Proceeds from fossil fuels, similar to all other extractive minerals, ought to be responsibly utilised in such a manner that they meet the needs of the living without jeopardising future generations. It is in this context that countries tend to create some form of structure – policy, legislation, organisation etc – to ensure sustainable management of resources garnered from extractive minerals.
According to the IMF, SWFs (or safe keep of Excess Crude Accounts) are established with specific policy objectives, which largely determine their financial management, including investment and risk management decisions (Al-Hassan et al. 2013).
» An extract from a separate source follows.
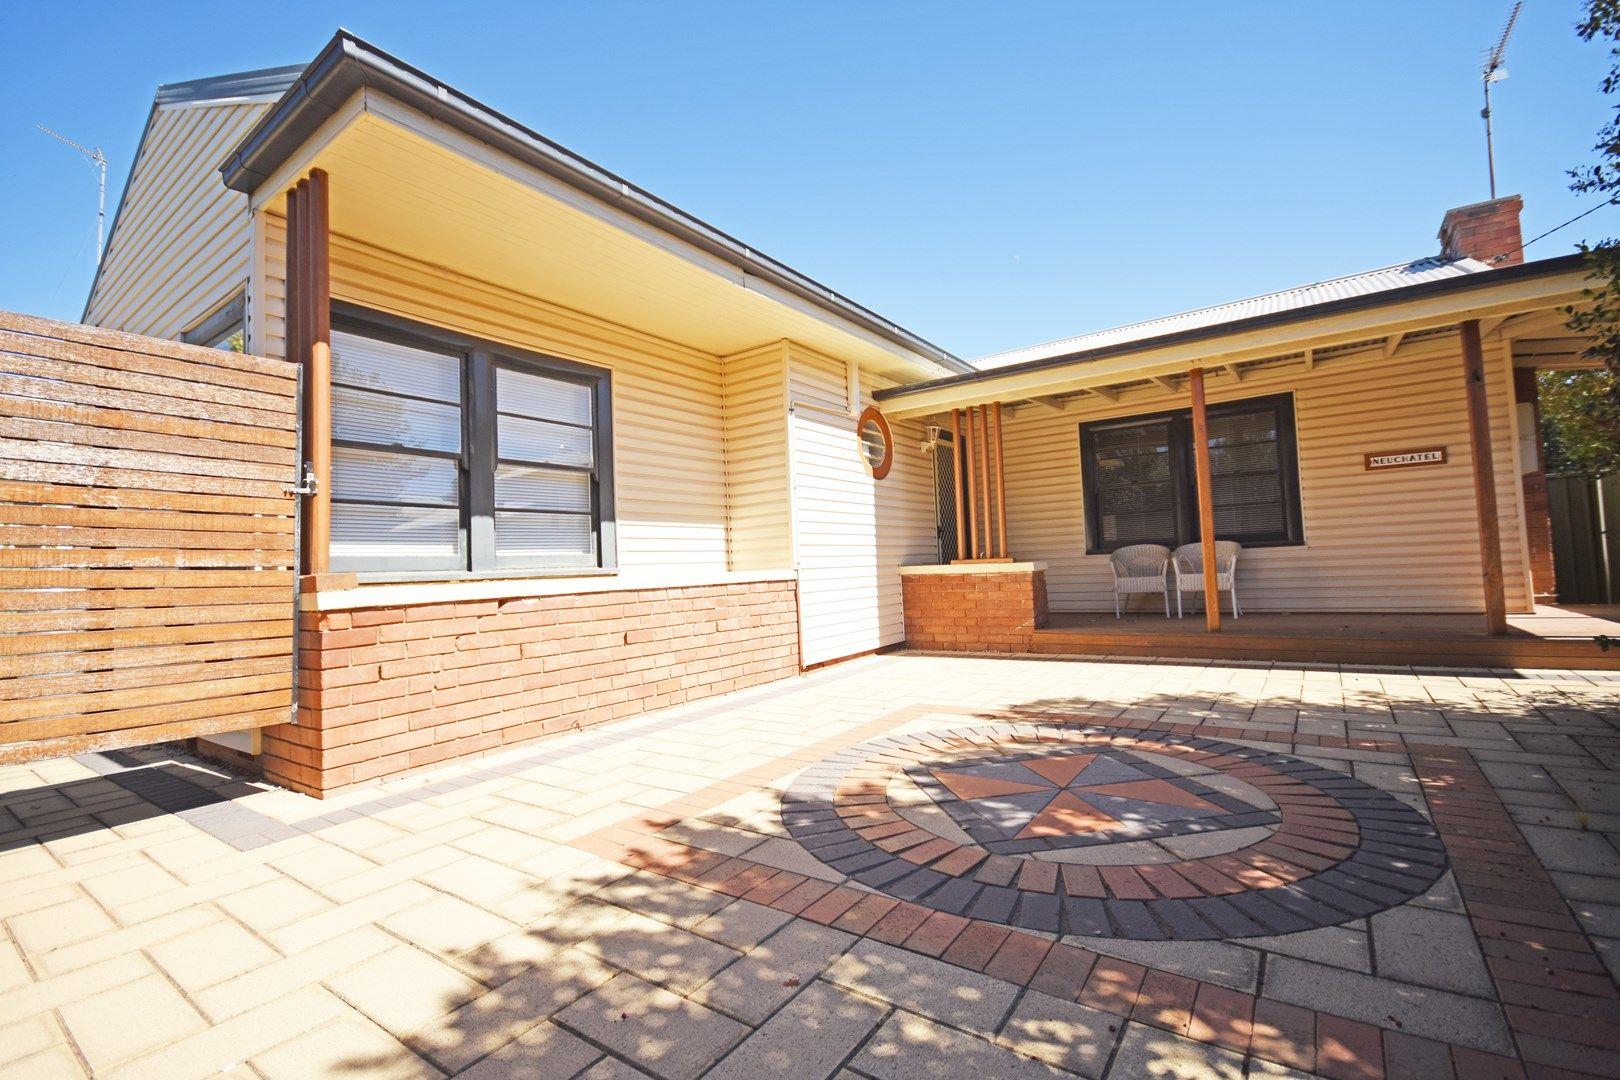 337 Macquarie St, Dubbo NSW 2830, Image 0

Based on the Santiago Principles (2008), SWFs are categorized as:
(i)stabilisation funds, set up to insulate the budget and economy from commodity price volatility and external shocks. Their investment horizons and liquidity objectives resemble central banks’ reserve managers, in view of their role in counter-cyclical fiscal policies to smooth boom/bust cycles;
(ii) savings funds, set up to share wealth across generations by transforming non-renewable assets into diversified financial assets. Their investment mandates typically reflect a higher tolerance for volatility and a focus on long-term returns;
(iii) development funds, set up to allocate resources to priority socioe-conomic projects, usually infrastructure;
(iv) pension reserve funds, set up to meet identified outflows in the future with respect to pension-related contingent-type liabilities on the government’s balance sheet. Sovereign wealth fund is an investment pool of foreign currency reserves owned by a government.
A petroleum revenue distribution legislation to guide management of resources from Nigeria’s oil and gas will be the best way going forward, similar to best practices across so many countries today.